Maintenance crews from the Minneapolis Park and Recreation Board spent Friday assessing damage after two statues in city parks were vandalized early Thanksgiving morning.
Vandals toppled a statue of George Washington in the Washburn Fair Oaks Park across from the Minneapolis Institute of Art and also splashed it with paint. A few miles away in northeast Minneapolis' B.F. Nelson Park, someone spray-painted the words "no thanks," "no more genocide," "decolonize" and "land back" on the large granite monument to pioneers.
"We will start removing the paint as soon as we can," said Park Board spokeswoman Dawn Sommers.
Crews will also determine if they can turn the Washington statue upright; it was broken from its base, she said.
It was not immediately known if the destruction in Minneapolis was related to reports of buildings, statues and monuments that were defaced or destroyed Wednesday and Thursday in other U.S. cities.
In Chicago, somebody tried to pull down a statue of President William McKinley in McKinley Park. The sculpture was also tagged with graffiti and the words "Land Back."
In Spokane, Wash., a statue of Abraham Lincoln was vandalized with red paint. In Portland, Ore., a monument in the city's Lone Fir Cemetery, dedicated in 1903 to the veterans of the Civil War, Mexican, Spanish-American and Indian wars, was tagged with anti-colonialism graffiti and its statue toppled and sprayed with red paint. Three people were arrested after protest-related vandalism damaging storefronts and spraying the words "Land Back" on buildings, Portland police said in a news release.

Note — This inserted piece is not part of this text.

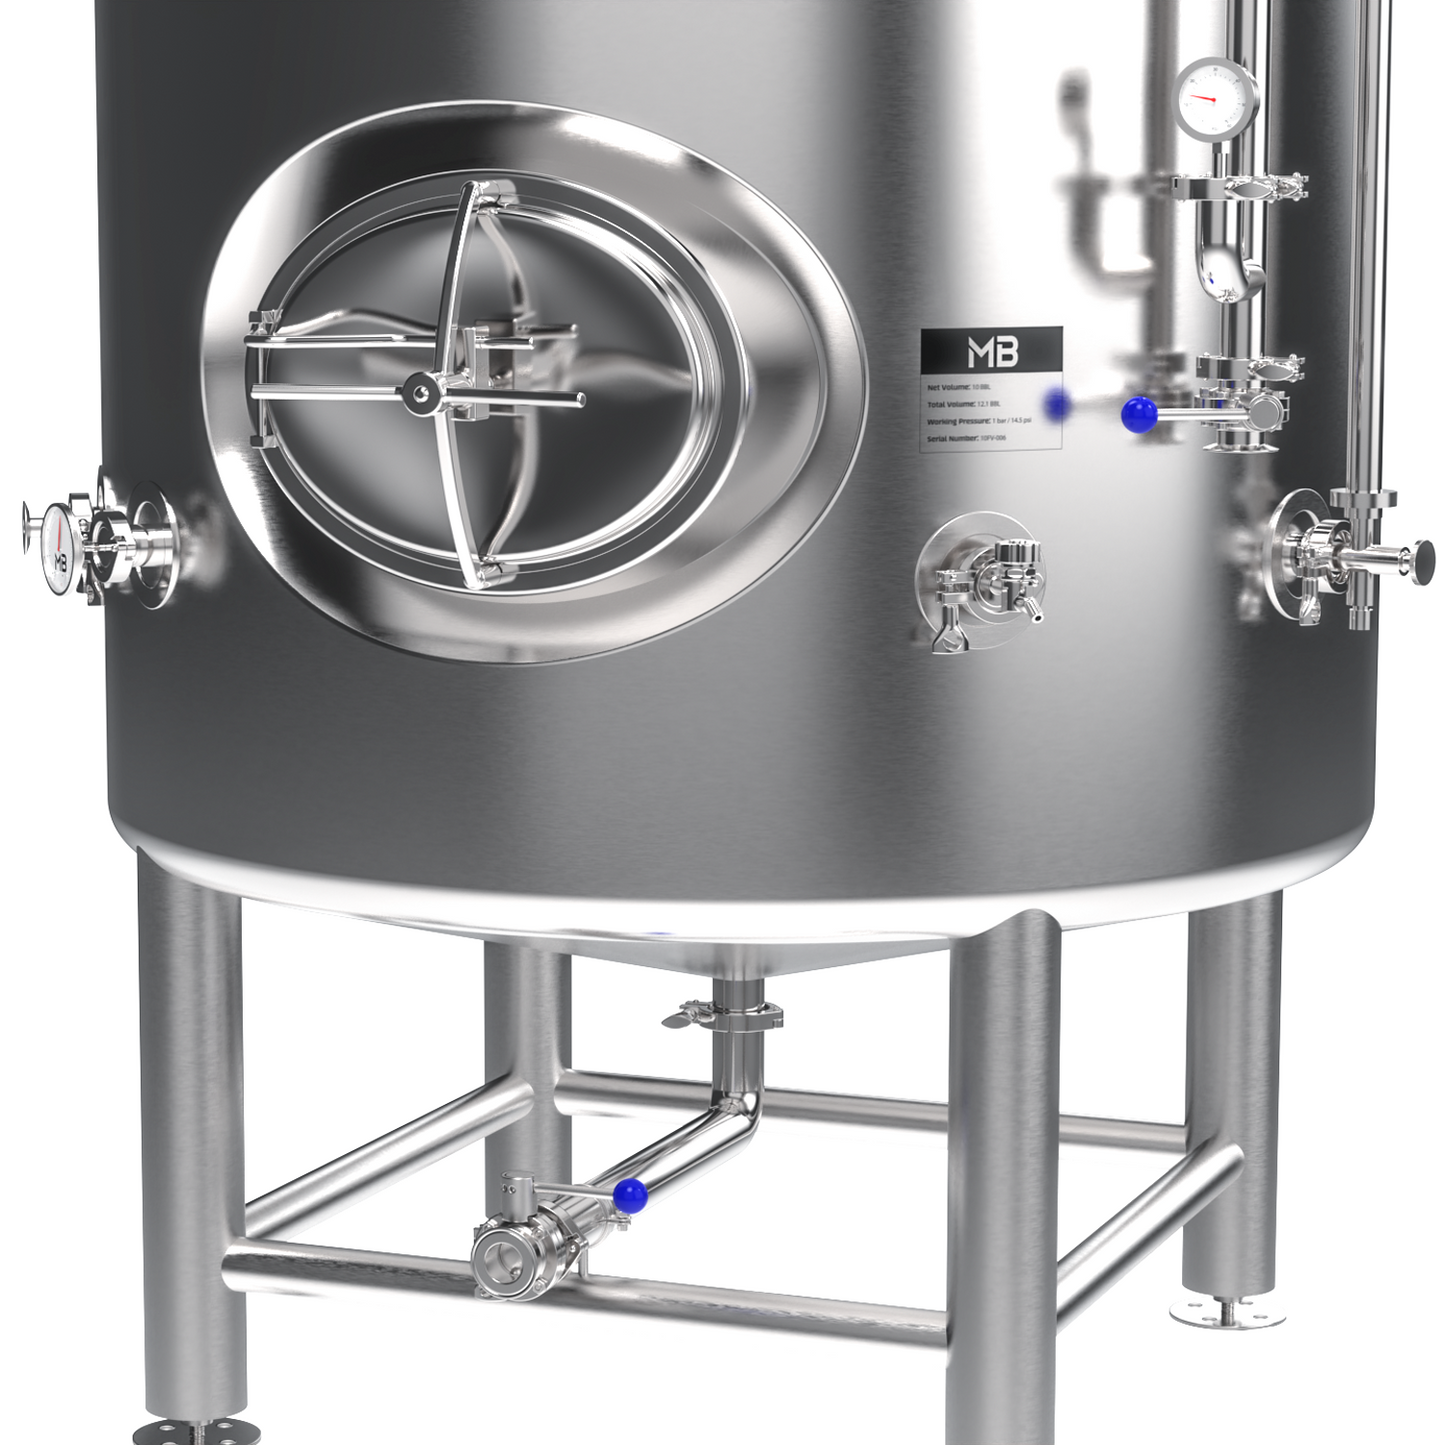 Brite Tank | Jacketed  | 40 bbl
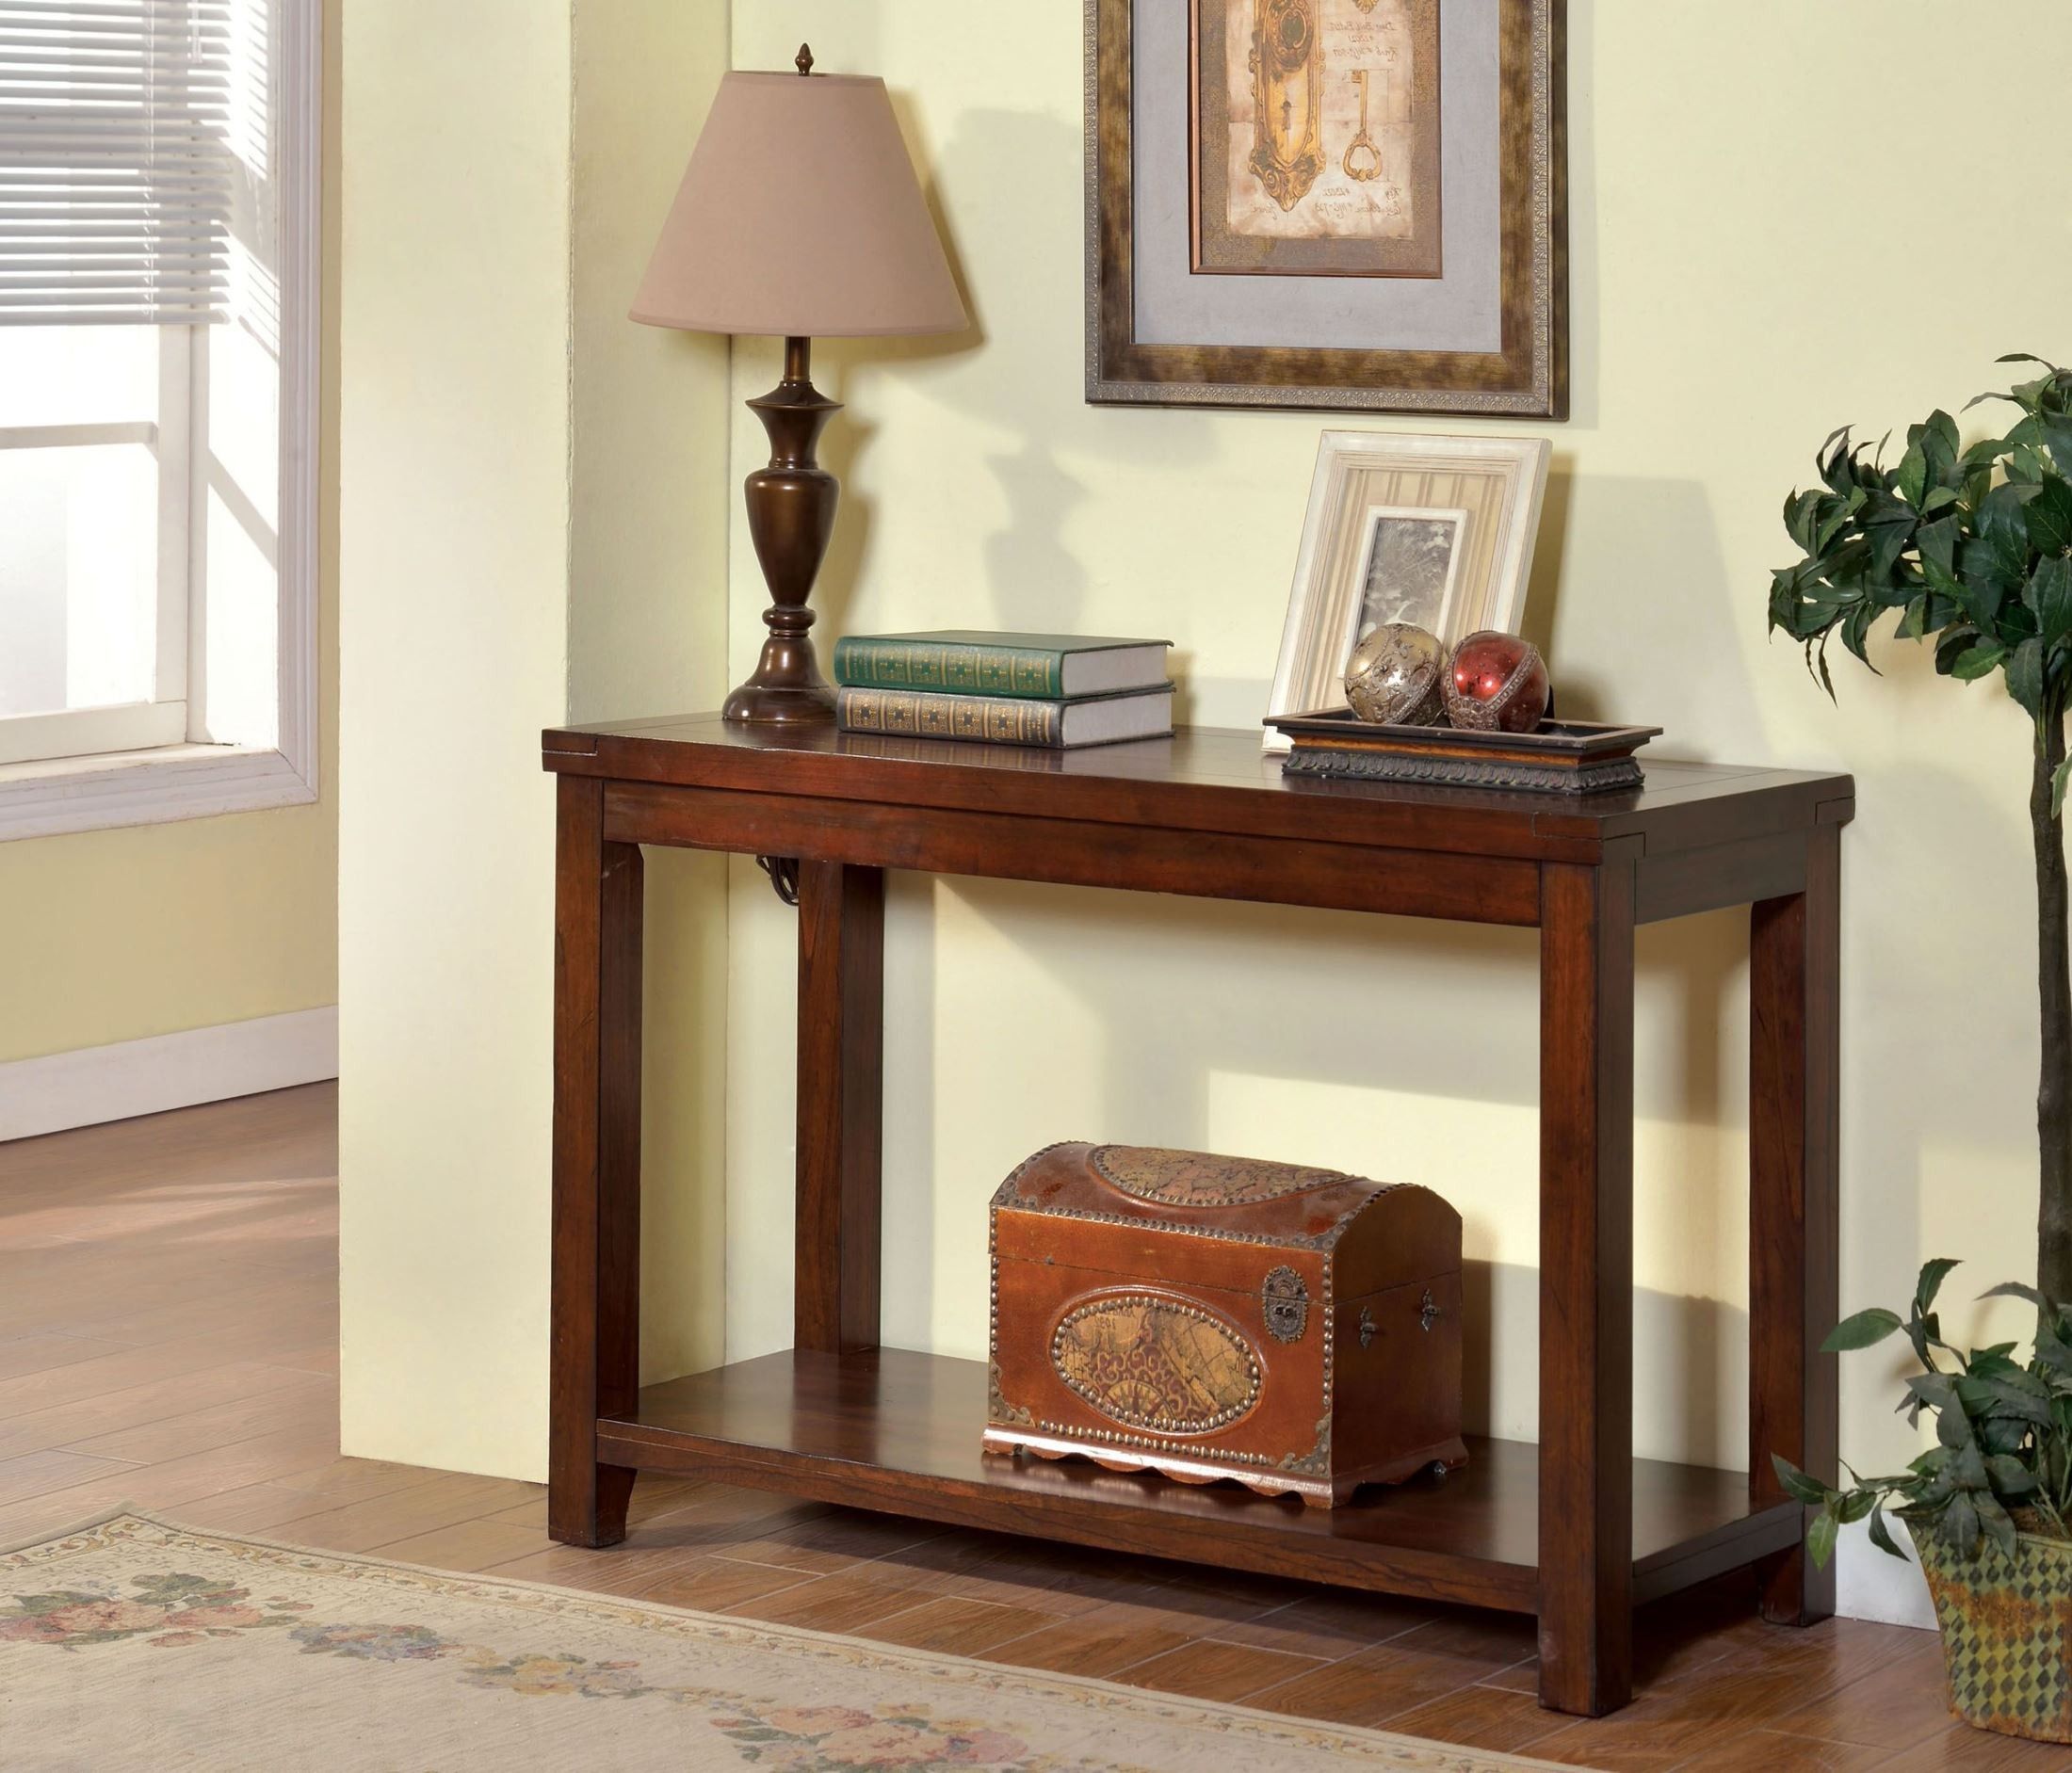 Estell Cherry Sofa Table From Furniture Of America Intended For Heartwood Cherry Wood Console Tables (View 5 of 20)

The graffiti on the pioneers monument in Minneapolis appeared to be protesting colonialism. The monument depicts three generations of a pioneer family standing before sheaves of grain, signifying the agricultural product and flour industry that played a large part in creating the city. The Pillsbury family, founders of the famous Pillsbury flour brand, gifted the sculpture to the city during the Great Depression, Sommers said.